Farming may not be the first thing that comes to mind when Canadians think about technology, but because of this country’s harsh climate, rugged and vast land, Canada has developed a reputation for producing high-quality, leading edge agricultural equipment that is second to none globally.
It’s a story of dedication, innovation and adaptability that has helped Canadian farmers excel, putting the agricultural sector in a position to significantly contribute to the federal government’s goals of driving 21st century economic growth through new technology and export.
The nearly 300 producers of specialized farm equipment and key suppliers represented by the Agricultural Manufacturers of Canada (AMC) welcome the federal government’s investment in the Protein Industries Canada (PIC) supercluster, part of Ottawa’s effort to help turbo-charge the economy by creating centres of innovation across the country.
The mandate of the pan-Prairie PIC, with its 60-plus partners, is summarized as “Unleashing the Potential of Canadian Crops” to capture the massive export-market opportunity for agricultural products.
Innovative farm equipment vital for growing food
Innovative long before the term was widely used, AMC member companies have a special interest in promoting productivity, competitive development and global sales opportunities.
These entrepreneurs have shaped agricultural practices and, in many respects, created the opportunity for rapid European settlement starting in the late 1800s. Central to this evolution was the need to come up with new agricultural machinery capable of meeting the challenges of the Canadian climate and specific regional growing conditions.
This drive for innovation propelled Canadian manufacturers of farm equipment to become global leaders in the development and production of high quality, durable and cutting-edge machinery.
A global success story
Today, Canadian-made farm equipment is among the highest quality and most sought-out in the world. In 2016, Canadian agricultural equipment manufacturers exported more than $1.8-billion in agricultural implements to 151 countries, including mainly the U.S. but also Australia, Russia, China, Chile, Germany, Brazil and New Zealand.

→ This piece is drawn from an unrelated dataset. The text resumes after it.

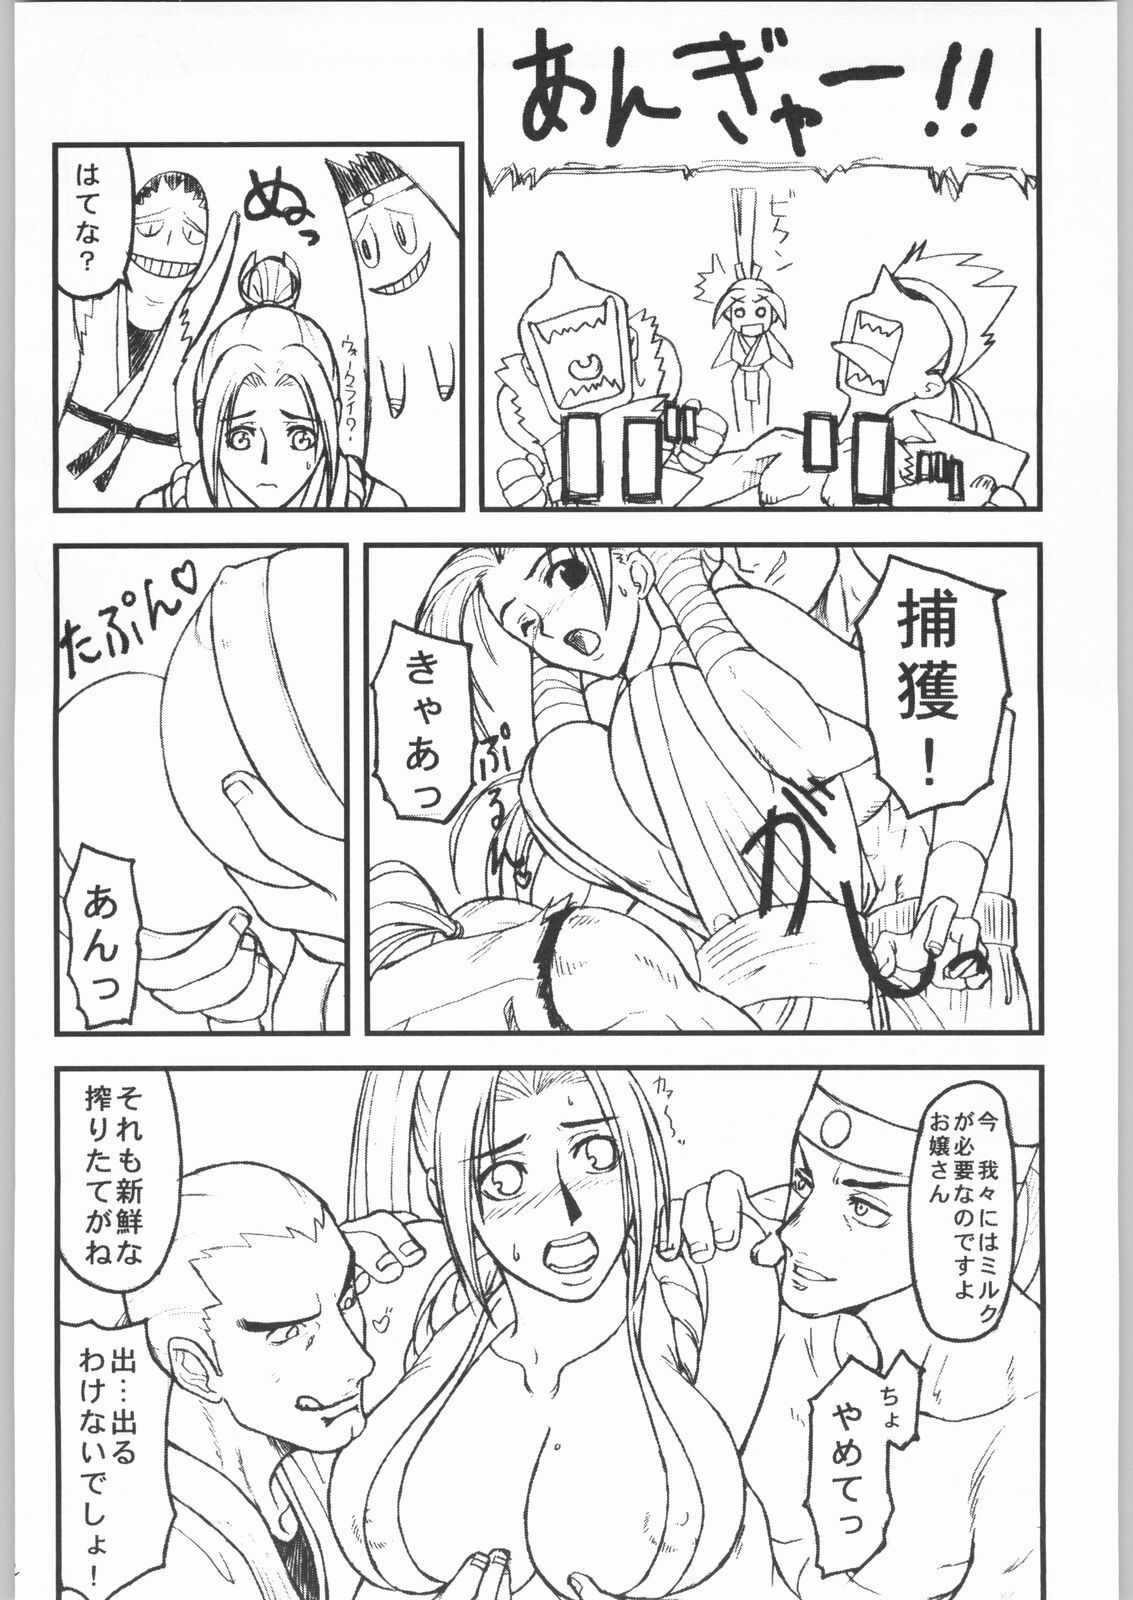 [SNK] Shiranui (Over Flows) page 21 full

Given this record, it’s not surprising that our members see themselves as key contributors to the federal government’s campaign to maximize the country’s long-term economic potential by making innovation an over-arching goal of national policies and investment priorities and increasing Canada’s exports of agri-food and agricultural products to at least $75-billion from the current $56-billion by 2025.
The government’s effort to enlist entrepreneurs, investors, researchers, manufacturers and others in an unprecedented drive for transformative economic innovation could not come at a more important time.
As in other sectors, the digital revolution portends widespread change in farming techniques, agricultural science and machinery. The investments the federal government is making through the Supercluster program will help speed our member companies’ responses to these technological developments by enabling the research and development activity that is essential to taking advantage of today’s new opportunities in a shorter time frame. Investments like those in the PIC supercluster strengthens Canada’s comparative advantage to produce safe food in a sustainable manner. This leadership is vital at a time when digital technology is changing farming but also relative to the billions of dollars developing countries are spending to modernize their agriculture industry.
Yet having the right seed and inputs is not enough and this is where Canada is different from other countries. Farmers need to have the right equipment to be able to leverage the opportunities of better seeds, inputs and overall farm operations. With agriculture, there is no doubt that the ability to produce specially-adapted, top-of-the line equipment will continue to be a crucial determinant in the sector’s ability to fulfill the all-important objectives outlined by the federal government of sustainable development and heightened global competitiveness.
Meeting the challenges
Whether it’s technological advances, artificial intelligence or new data applications, AMC’s member companies possess the experience, forward-looking strategies and business acumen to produce the equipment that can make a difference as Canadians work together to develop new ways to deliver tomorrow’s food—at home and around the world.
After all, this mandate has been part of the daily outlook for AMC member companies going back many decades. Because of the harsh growing conditions in Canada, the unique needs of farmers and Canada’s export imperative, the makers of specialized farm machinery in this country have always managed to meet the challenge and excel in what Innovation Minister Navdeep Bains calls “the global innovation race.”
Leah Olson is president of the Agricultural Manufacturers of Canada.